## Task requirements
From the data that follows, set down exactly the lines from the one with "Lille, France - March" through the one with "Extremely dirty keyboard", counting both. Pictures stay out.

## Provided records

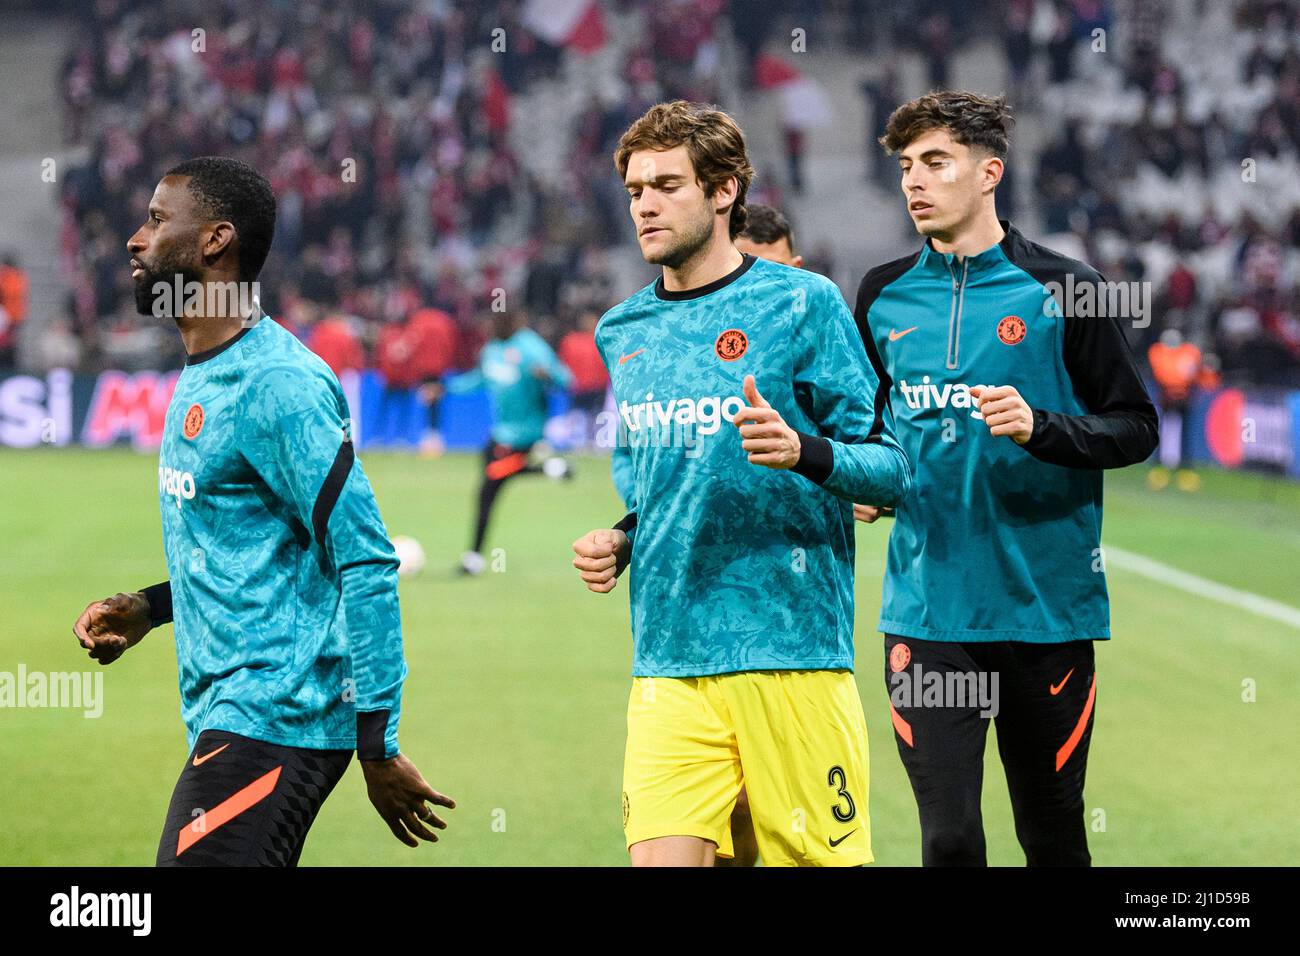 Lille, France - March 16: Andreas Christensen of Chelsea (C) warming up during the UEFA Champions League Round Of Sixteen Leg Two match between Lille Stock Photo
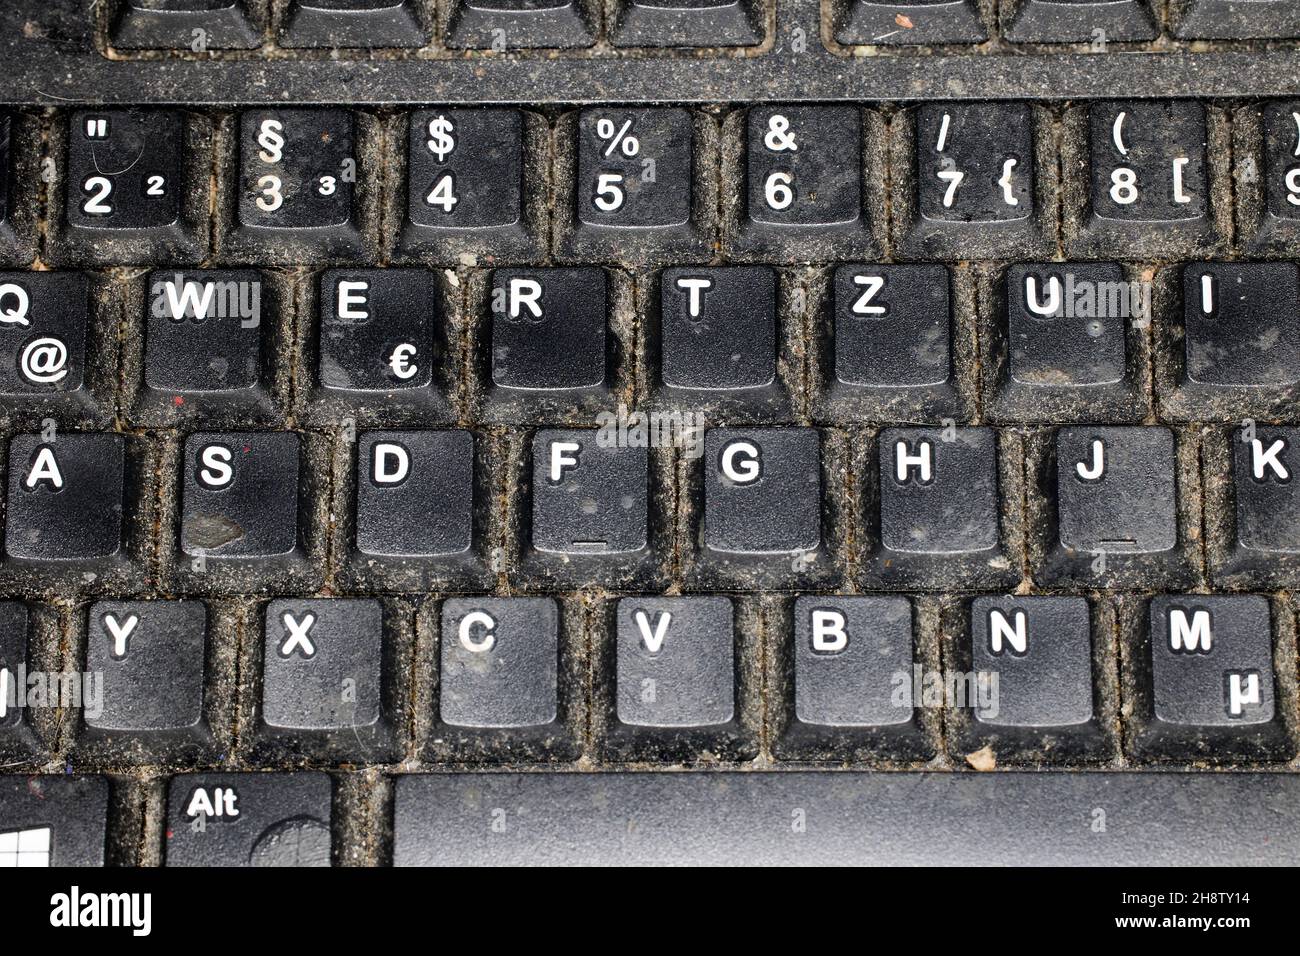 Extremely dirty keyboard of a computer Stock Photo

---

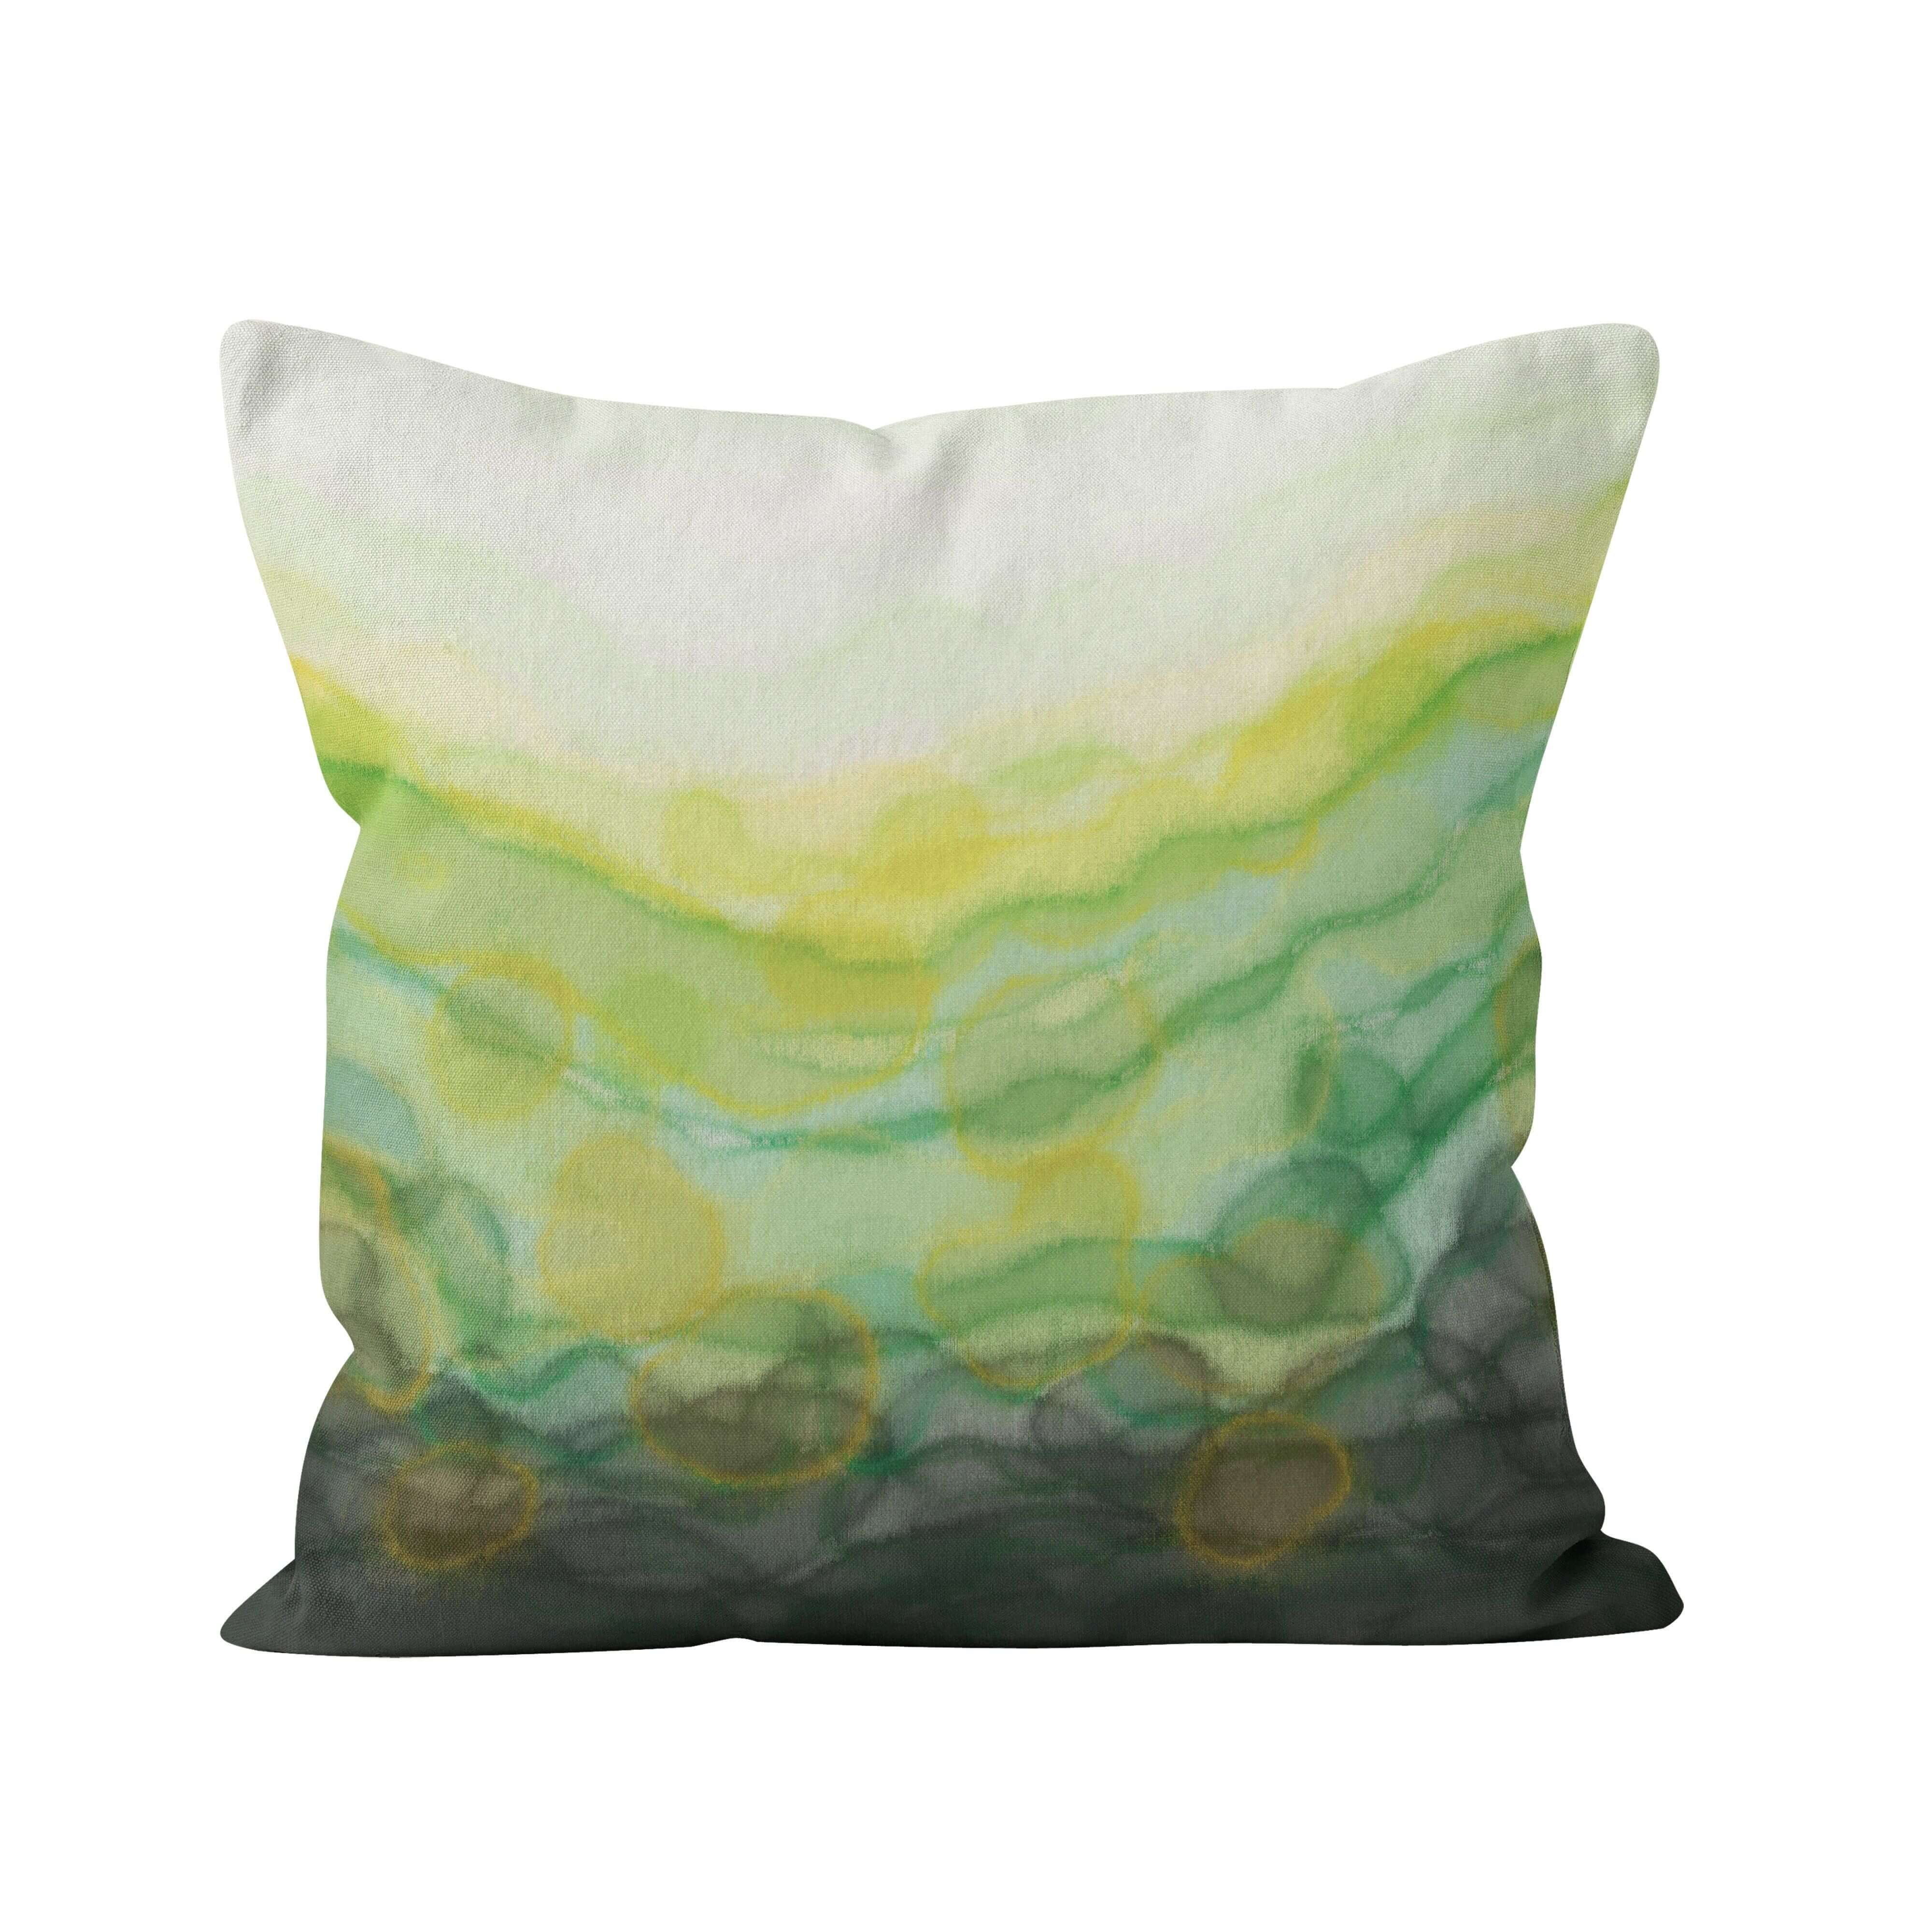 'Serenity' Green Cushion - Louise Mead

* * *

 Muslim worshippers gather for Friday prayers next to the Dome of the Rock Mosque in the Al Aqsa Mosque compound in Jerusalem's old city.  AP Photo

## Answer
 Lille, France - March 16: Andreas Christensen of Chelsea (C) warming up during the UEFA Champions League Round Of Sixteen Leg Two match between Lille Stock Photo
 Extremely dirty keyboard of a computer Stock Photo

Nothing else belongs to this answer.